Разумеется, в языке есть способы слияния, позволяющие передать смысловой оттенок. Так, утверждать
означает говорить, что ты веришь; жаловаться означает говорить, что ты недоволен и т.д. И разумеется, речь предоставляет неограниченные возможности сочетаний, слияний (“Я счастлив жестокой обидою...” или “Какое счастье быть несчастным”). Но дело в том, что сообщить о чувстве совсем не то, что непосредственно его проявить. Звук голоса обладает гораздо большим диапазоном оттенков, чем слово. Поэтому печаль в условиях шестистопного ямба и в условиях, скажем, трехстопного хорея — это две разных печали, подобно двум музыкальным мелодиям в одном минорном ключе. Сравним:
Не спрашивай, над чем задумываюсь я:
Мне сознаваться в том и тягостно и больно;
Мечтой безумною полна душа моя
И в глубь минувших лет уносится невольно.
И
Ласточки пропали,
А вчера зарей
Все грачи летали
Да как сеть мелькали
Вон над той горой.
О “содержании” печали и в том, и в другом случае сказать что-либо трудно по этим первым строфам, по интонационно она вполне выражена и звучит различно.
Звук и смысл в речи связаны неразрывно. Речевая конструкция стиха дает возможность преодолеть природную аналитичность языка. В сущности, в художественной прозе тоже необходимо изыскать способ обойти речевой феномен повествования,
чтобы читатель мог вместе с сообщением о чувствах получить их, так сказать, в собственное пользование. Искусство воздействует эмоционально. Помимо сюжета, помимо идей, которые содержит прозаическое произведение, оно обладает некой эмоциональной аурой, в прозе достигаемой усильями всего текстового пространства. В поэзии бывает довольно одного первого стиха. “Ненастный день потух; ненастной ночи мгла...”; “Не дай мне бог сойти с ума...”; “Глагол времен! Металла звон!”; “Опустись, занавеска линялая, / На больные герани мои...”; “Ты опять со мной, подруга осень...”; “Как эта улица пыльна, раскалена! / Что за печальная, о господи, сосна!” Так льнут к сердцу эти интонации, так они обворожительно-неповторимы, что хочется длить этот список бесконечно, благо русская поэзия предоставляет широкие возможности... Ну, еще чуть-чуть: “Я болен, Офелия, милый мой друг!” или “Моего тот безумства желал, кто смежал...” Фет как никто умеет сразу, без предупреждения вонзаться в душу, Блок это уменье унаследовал от него: “Женщина, безумная гордячка!” или совершенно загадочное “Боль проходит понемногу, / Не навек она дана...” Почему, почему так торжественно, так чудно это звучит?Кажется, что регулярными размерами уже ничего не выразишь. Все, что можно было сказать, сказано. “Звук уснул”.

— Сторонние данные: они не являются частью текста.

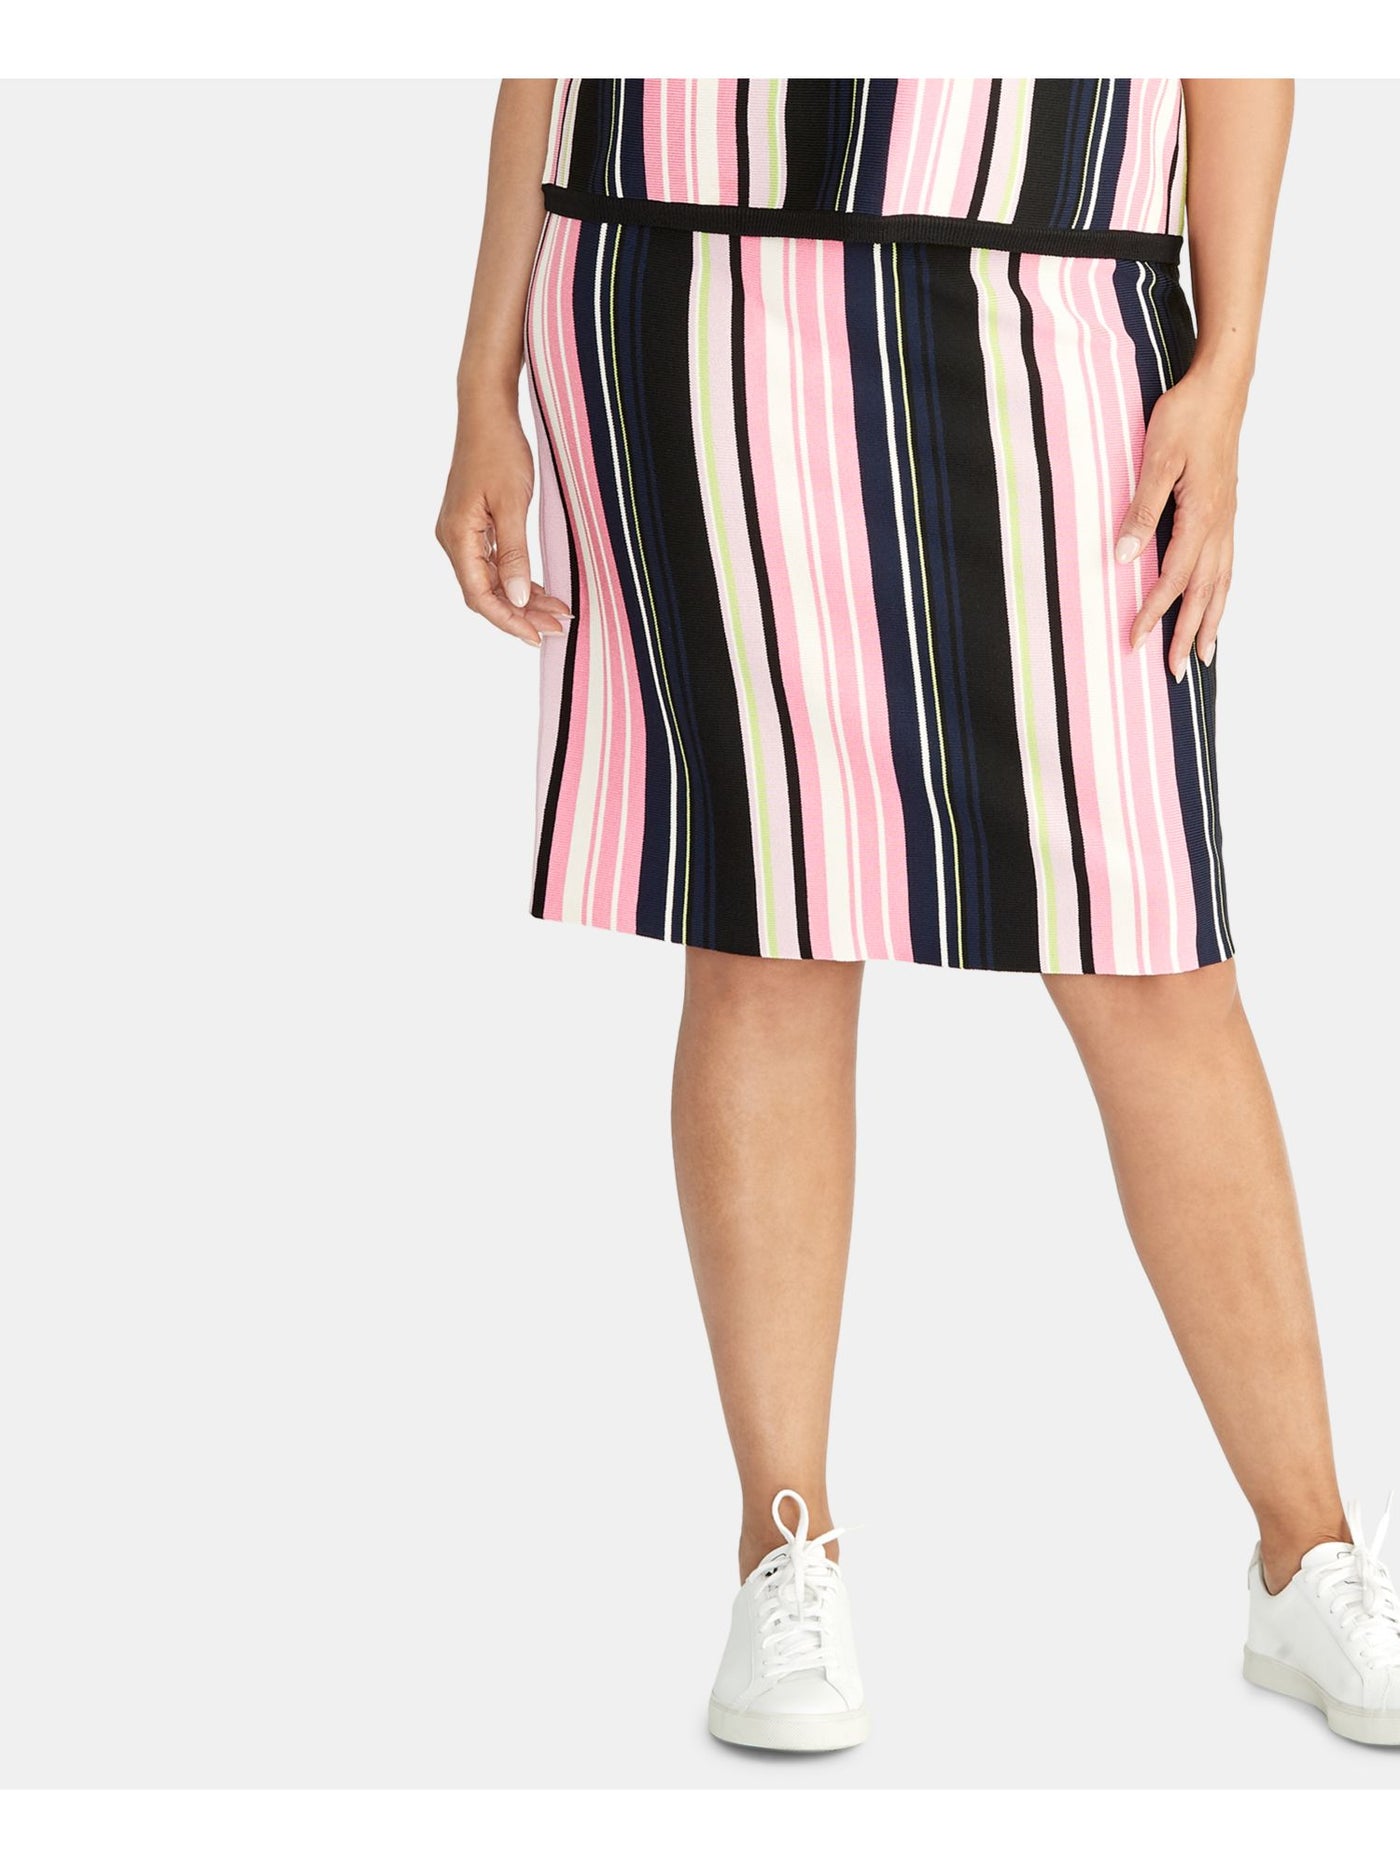 RACHEL RACHEL ROY Womens Pink Striped Knee Length A-Line Skirt Plus 3X

Это, конечно, только кажется. Но это чувство и интуитивные поиски нового приводят к новому звуку. “О, кожаные мешки с большими замками, / Как вы огромны, как вы тяжелы!/ И неужели нет писем от тех, что мне милы, / Которые бы они написали своими дорогими руками?” Как детски-наивно, на удивление безыскусно звучат эти стихи, с небрежной “мешковатостью”, как сказал о Кузмине Мандельштам.Поэт — это голос. Новый, своеобразный, узнаваемый. Мы теперь понимаем, что это не метафора, что за этим выражением стоит точный смысл. Читая стихи, мы слышим звучание речи и именно оно доносит до нас поэзию. Но определить этот голос можно только метафорически. Скажем, о лермонтовском можно сказать, что он звенит,
и некоторая металлическая нотка нас уже от него отдаляет, некрасовский желчный трехсложник тяжеловат, и “одышкой болен / Фета жирный карандаш” — очевидно потому, что речь такая жаркая, задыхающаяся, она настигает с разбегу. Примерно таким образом Наташа Ростова, помнится, говорит о людях: Борис — узкий, серый, как часы столовые, а Пьер — темно-синий с красным — “ Николенька бы понял”. Людям, знающим и любящим стихи, нетрудно договориться в этой манере.